ASSIGNMENT:
Transcribe the data exactly, omitting whatever pictures it holds.

MATERIAL PROVIDED:
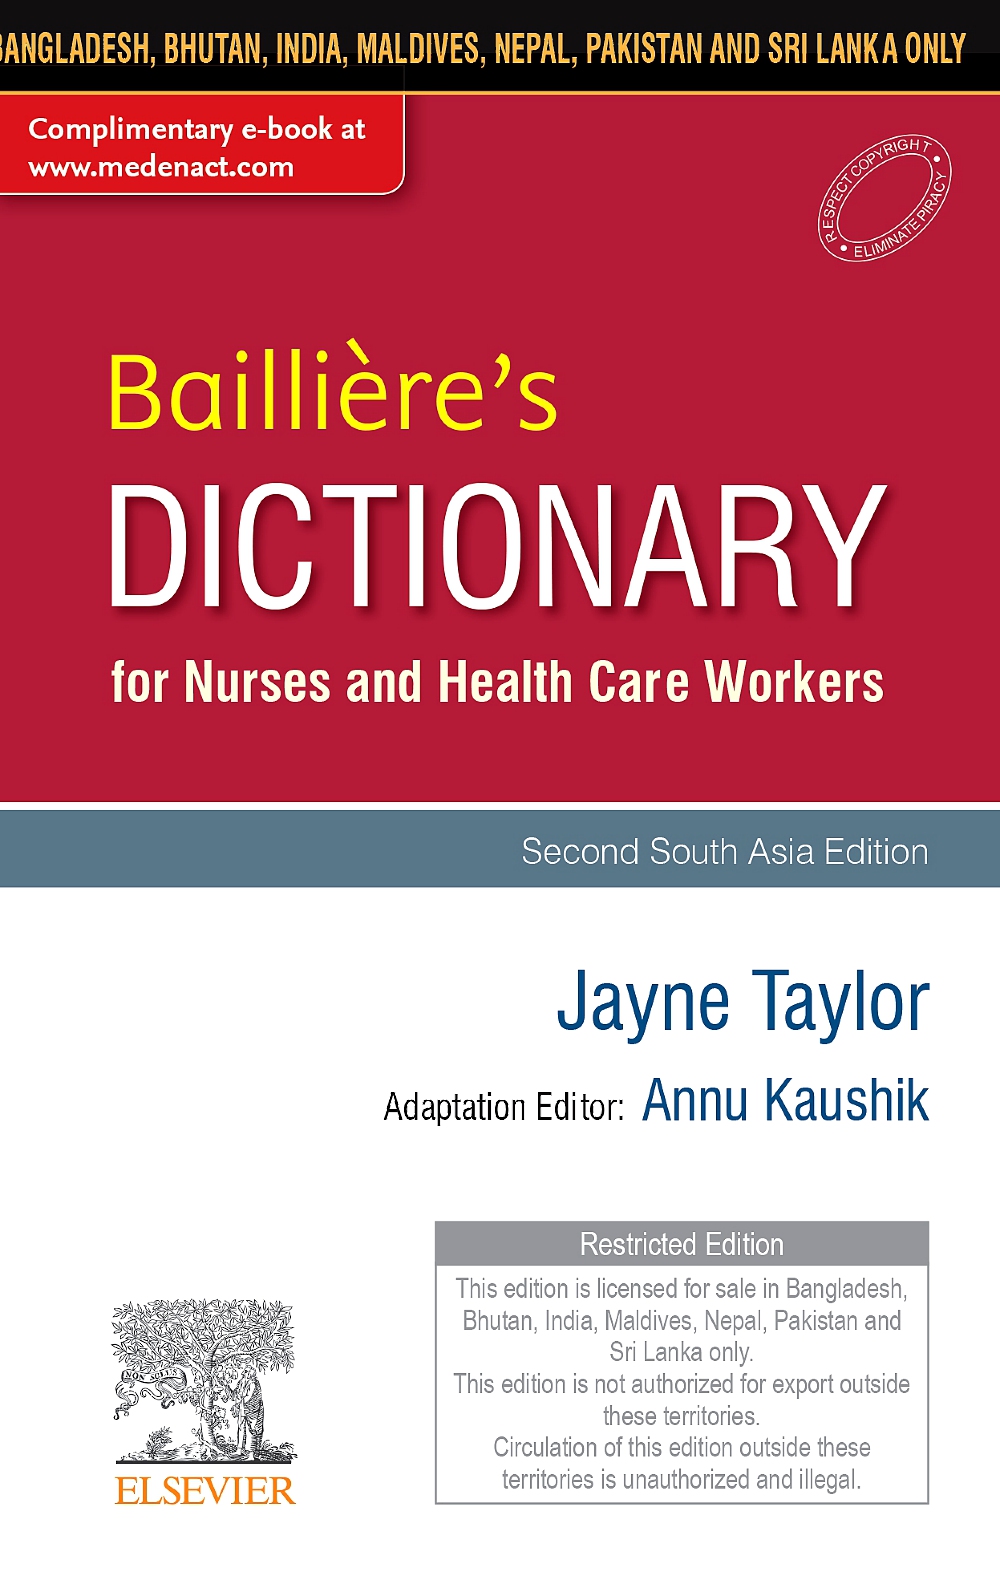 baillieres-nurses-dictionary-for-nurses-and-health-care-workers-second-south-asia-edition
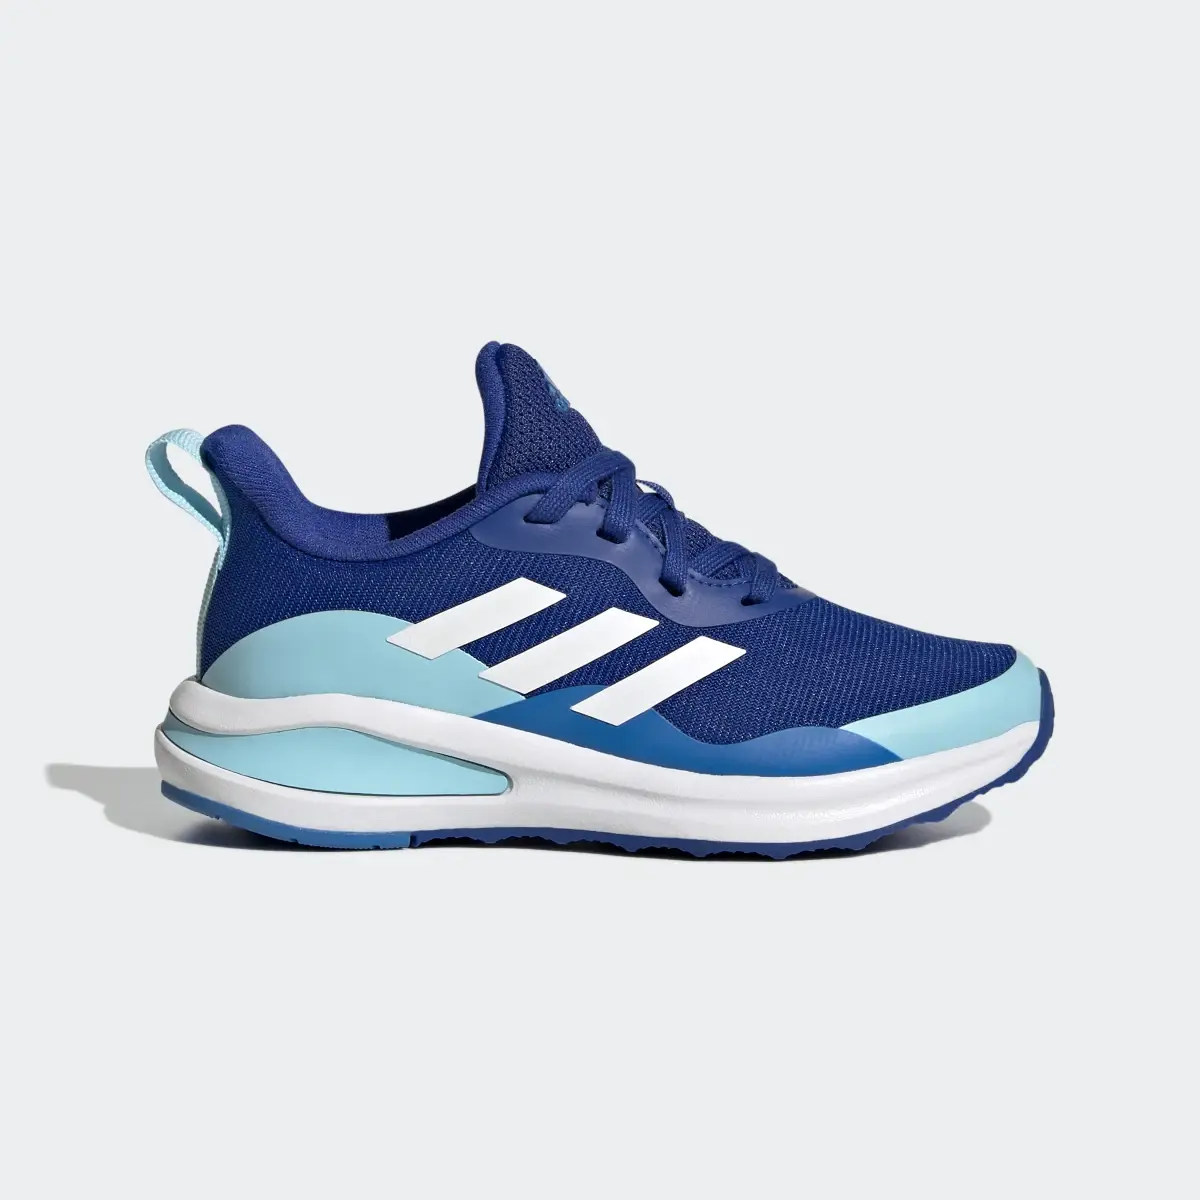 Adidas FortaRun Sport Running Lace Shoes. 2
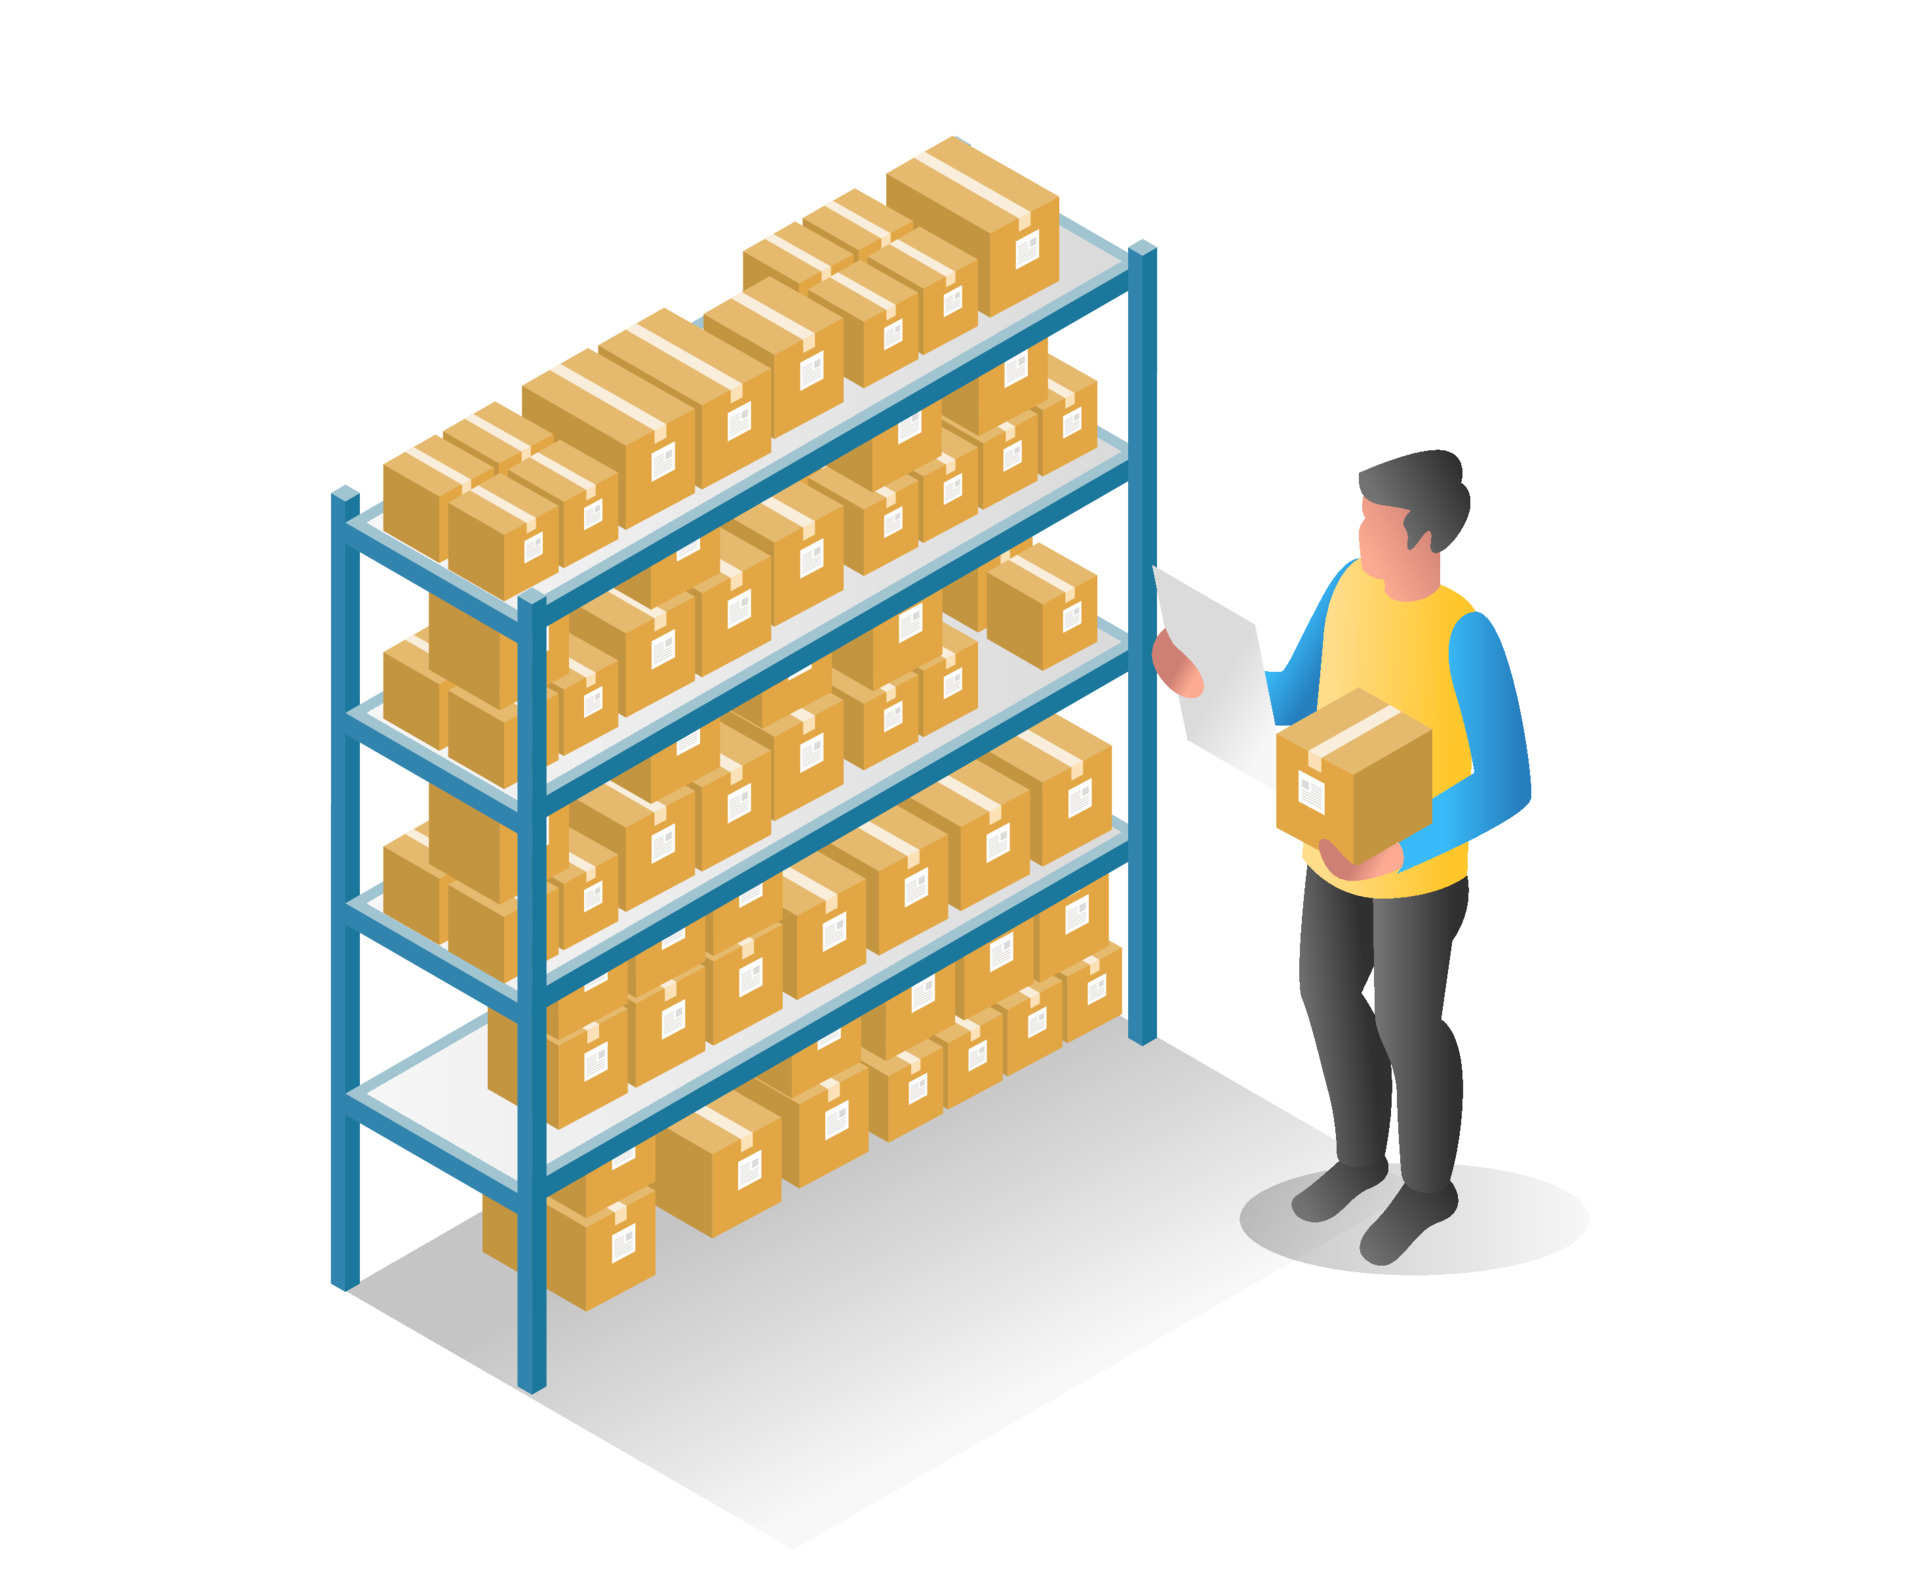 vecteezy_flat-isometric-illustration-concept-man-checking-stock-in_7885797

FINAL ANSWER:
 baillieres-nurses-dictionary-for-nurses-and-health-care-workers-second-south-asia-edition
 Adidas FortaRun Sport Running Lace Shoes. 2
 vecteezy_flat-isometric-illustration-concept-man-checking-stock-in_7885797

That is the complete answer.